When L=7, we get a similar analysis to L=3. We can take K and receive K+1, watching the opponent take K+2 (because the following initiative on L=4 is worthless). Or we can give K and K+1 to take K+2 (sounds sad unless K=1). This means we should take when L=7. L=8 comes out the same as L=4, being a worthless turn to have the initiative, we can keep or give, it does not matter.

We can see a pattern here. We need only look at how many cards are left mod 4. If the number of cards is 0 mod 4, this turn does not matter. If it is 1 mod 4, keep because the next turn does not matter. If it is 2 mod 4, give so you can keep the next card. If it is 3 mod 4, keep because the opponent is going to give then keep (unless the top card is K=1, then you can give it if you want).

So, if the total number of cards left is odd, you should always keep. If the total is even then give if it is not a multiple of 4, and play random if it is, alternately, you can just always give when the number of cards left is even and you will not be making any mistakes.

This means that the optimal play will have the players constantly performing give-keep actions. There is another way to see this, consider a pair of players that constantly keep the top card. They will divide the deck between them until one of them takes the last card. It is not hard to see that the person who gets the last card has a much higher utility than the other person, as their cards are all 1+ the other persons card. That is to say, the person who got to keep on the turns with odd numbers of cards left is much happier. Two optimal players are just taking turns trying to be the person who gets to take the cards when there are odd numbers of cards left.

The result of the game is that the players divide up the utility quite evenly. Let n be N mod 4. If n=0, the players will split the utility evenly. If n=1, then the first player gets a 1 utility advantage, but the rest is even. If n=2 the active player again gets a 1 utility advantage, by giving the 1 and taking the 2. If n=3, then the players split it evenly again.

How much utility is in the deck? With N cards, there is N(N+1)/2 in total (the Nth triangle number). Exactly one of N or N+1 is even, so the total utility in the deck will only be even if that number is also a multiple of 4. So, the only way that the utility can be split evenly is if N or N+1 is a multiple of 4, that is n=0 or n=3. In the other two cases, there is an odd utility out and the first player to take a turn will always get it.

Taking Cards

So, while I was away for new years stuff, I played boardgames (as I usually do) and while playing a game of Strozzi I came up with a new logic puzzle. It turned out that that puzzle sucked, so I modified it into a different one. That one was less sucky but more boring, so I changed it again to come up with this:
There is a stack of N cards numbered 1 to N in order, with 1 on the top and N on the bottom. Two players are going to play a game where they will each wind up keeping some of these cards. The utility a player gets from playing the game is equal to the sum of the numbers on all the cards the player kept.
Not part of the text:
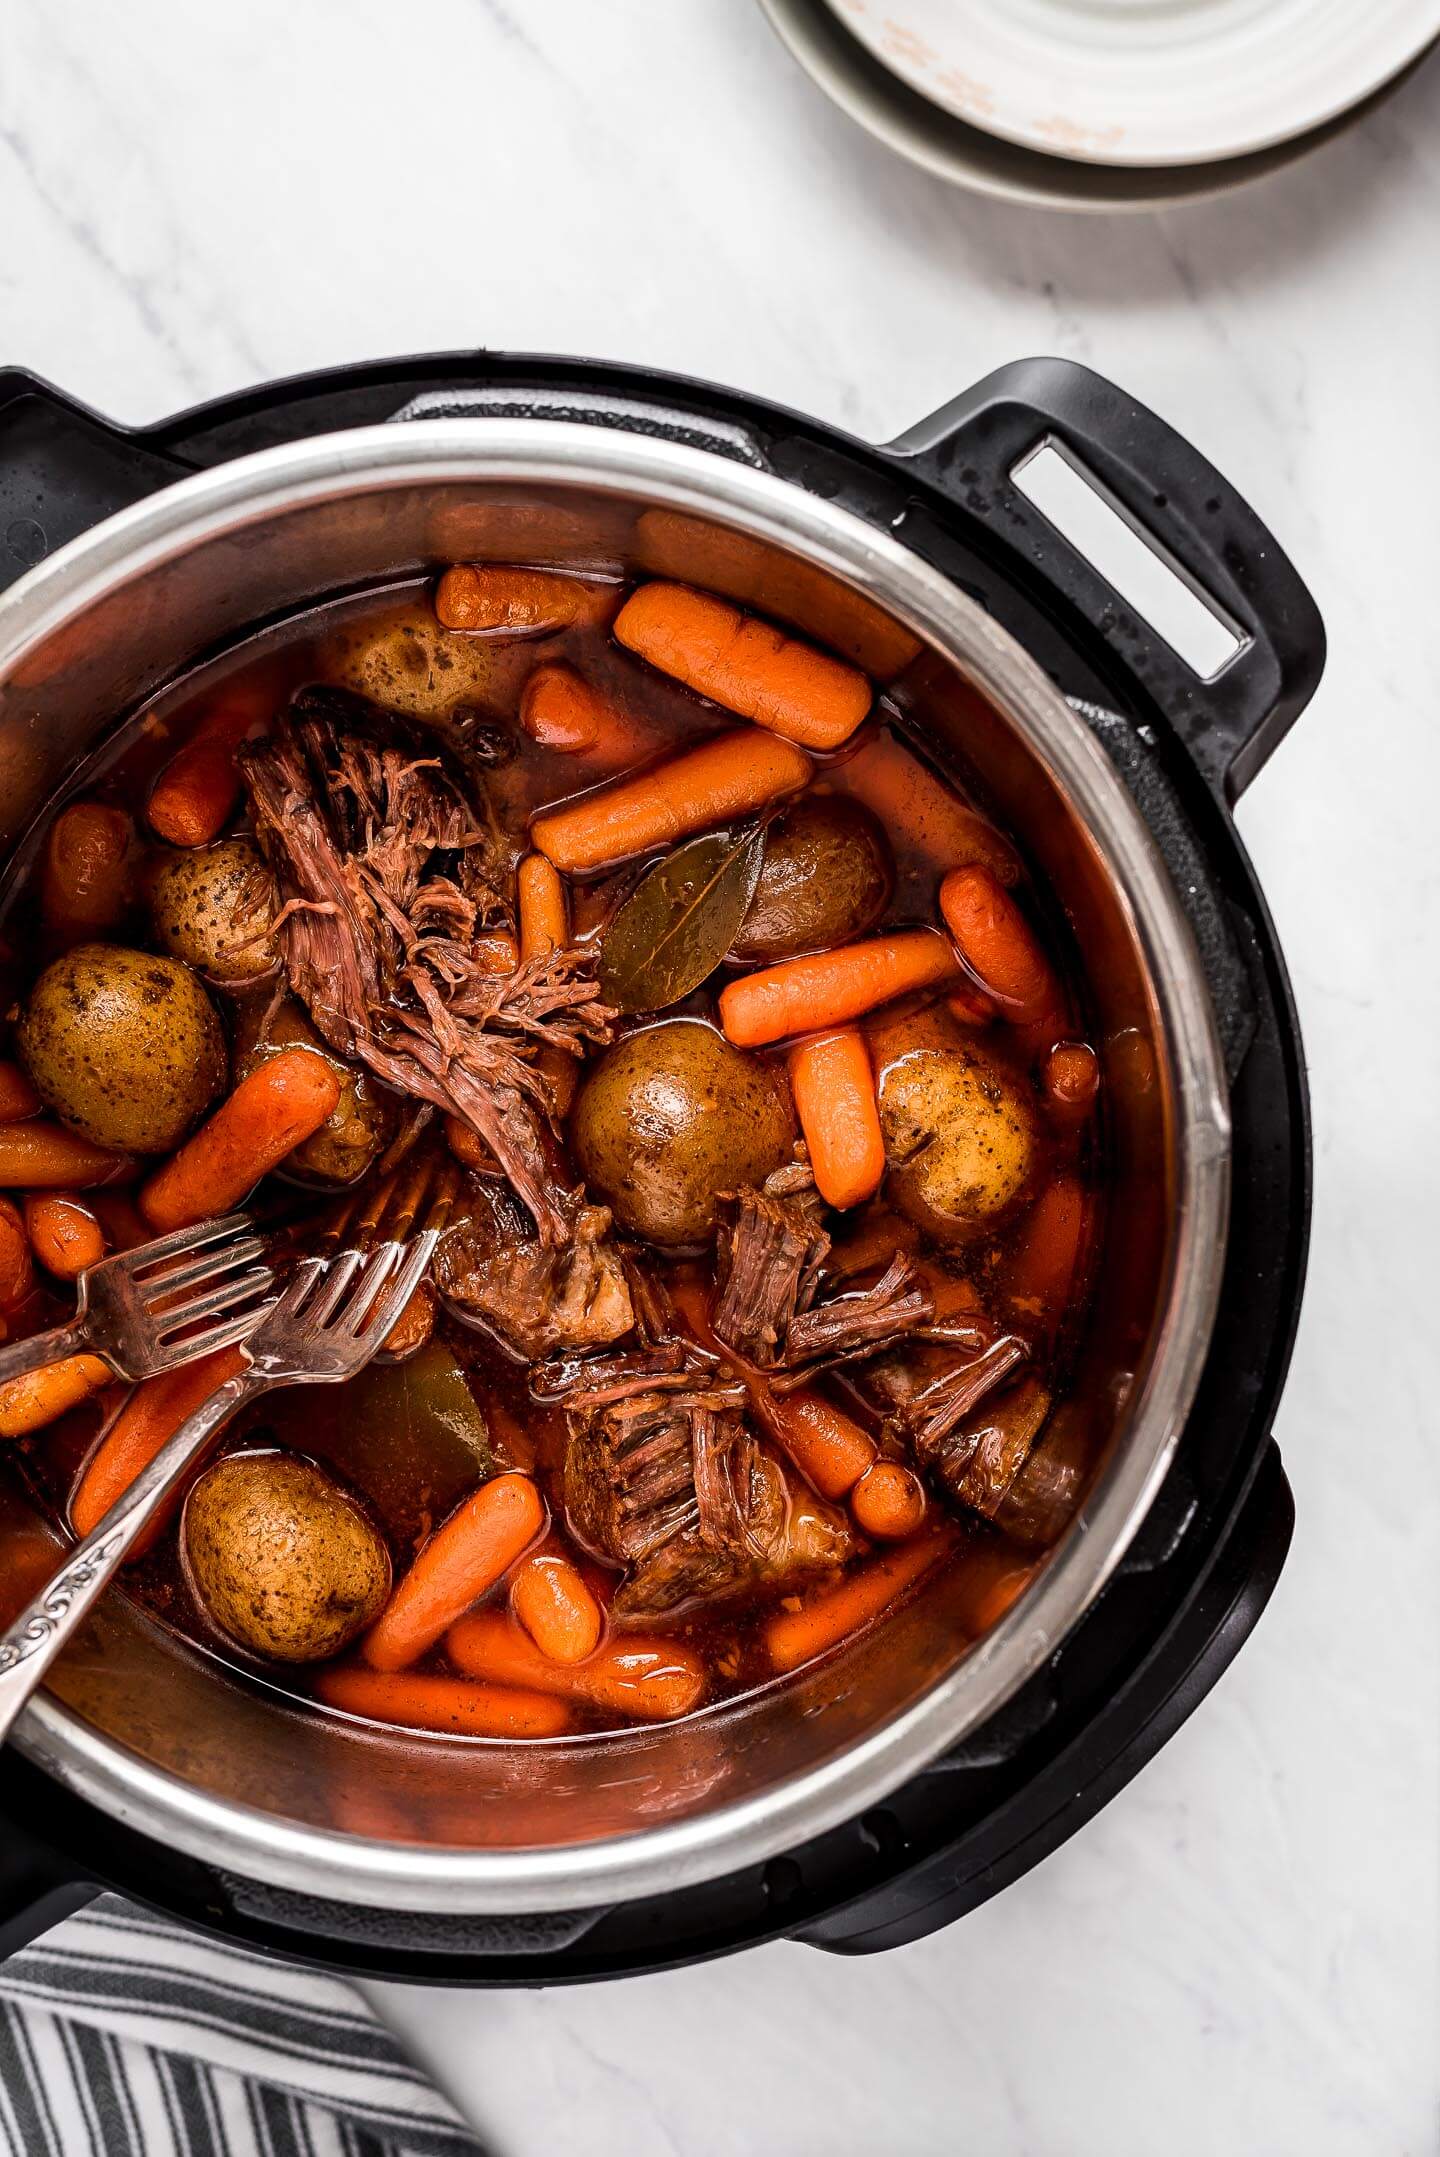 Beef, potatoes, carrots, and broth in an Instant Pot.
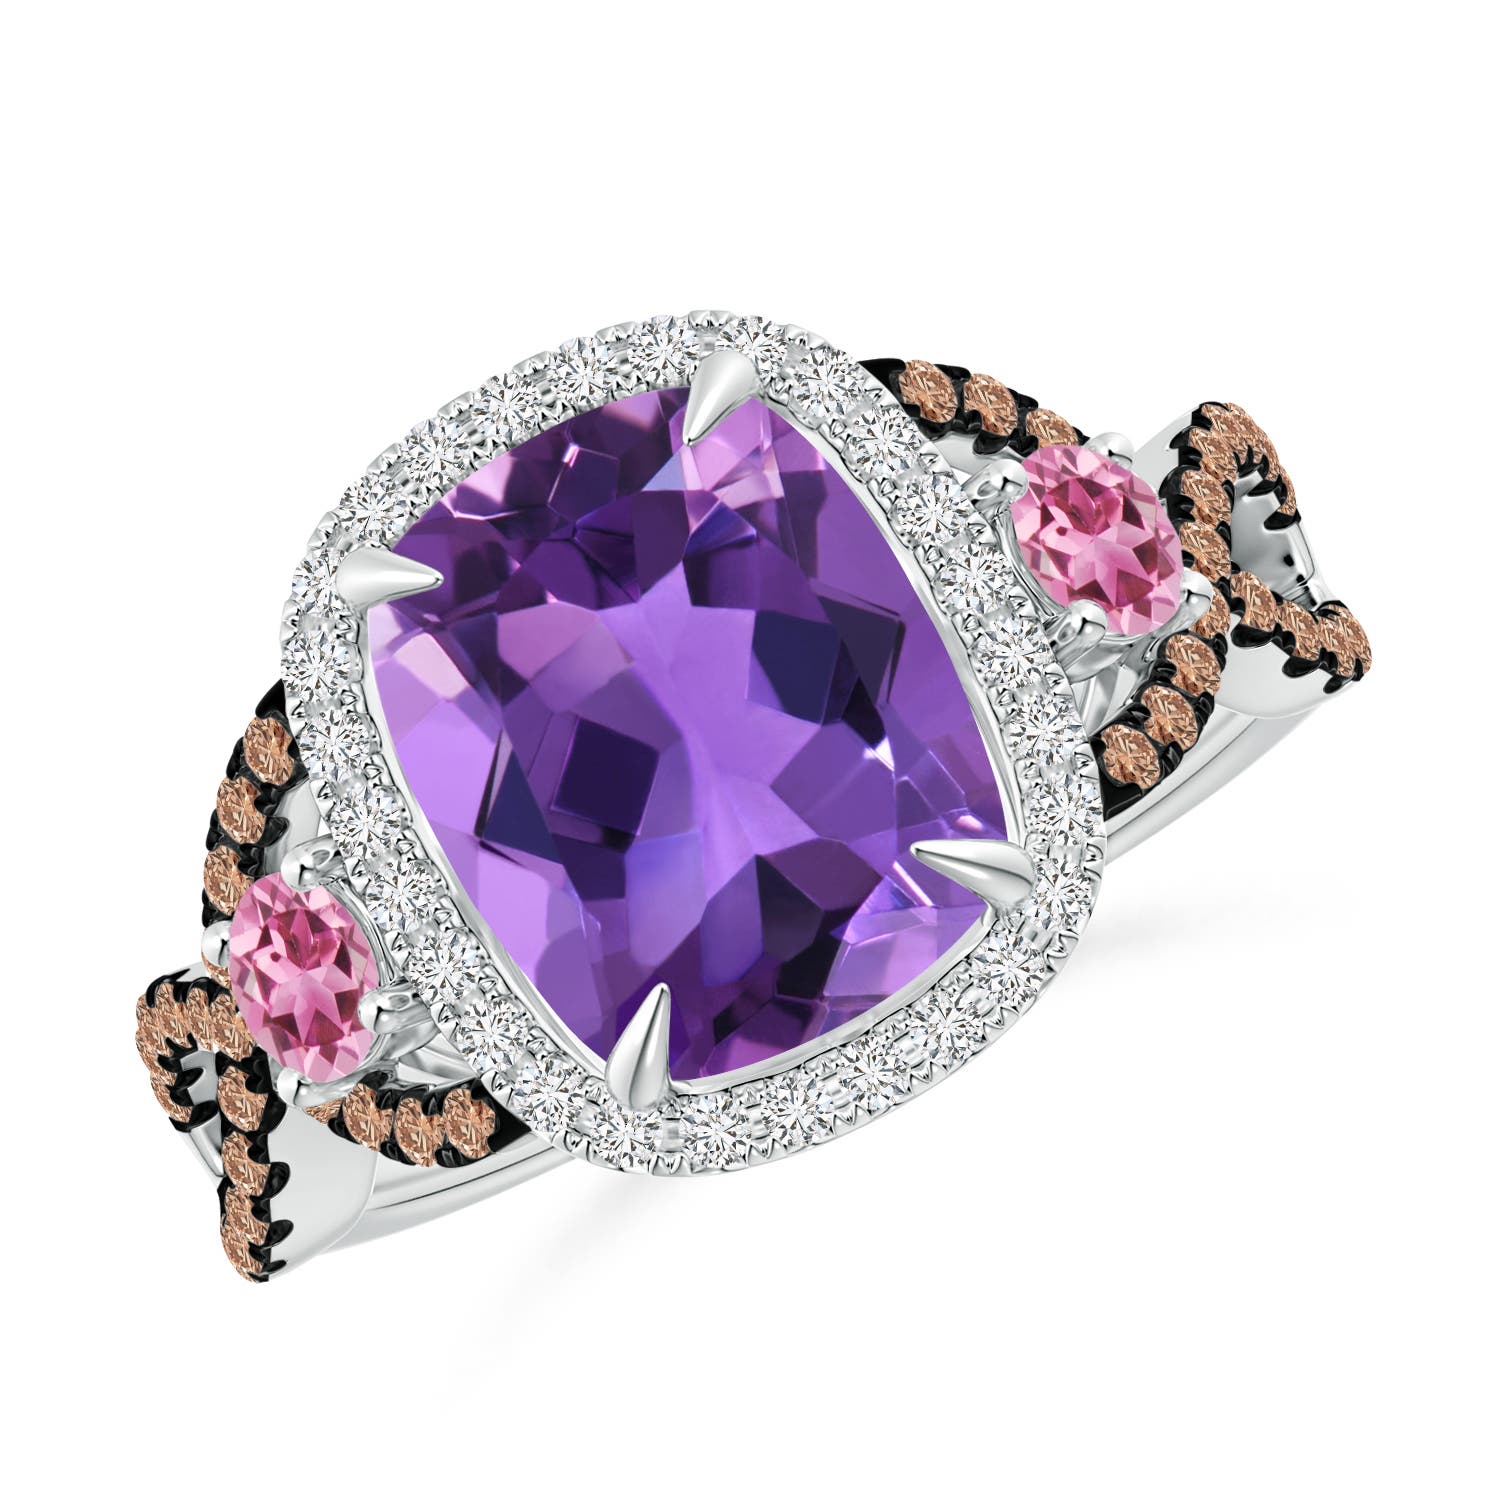 AAA - Amethyst / 3.39 CT / 14 KT White Gold

The game works by the players taking turns. On a turn, the active player may either keep the top card or give it to the other player. If the active player kept the card, then the other player gets the next turn. If the active player gave the card away, then the active player gets to take another turn. The play continues until the deck is empty.

Assuming optimal play, what is the result?

If you don't like utility, instead assume that the cards are worth $1 to $N, in order, with the $1 card on top and the $N card on the bottom. A player gets to cash out all of the cards that that player kept at the end of the game. People like money, right?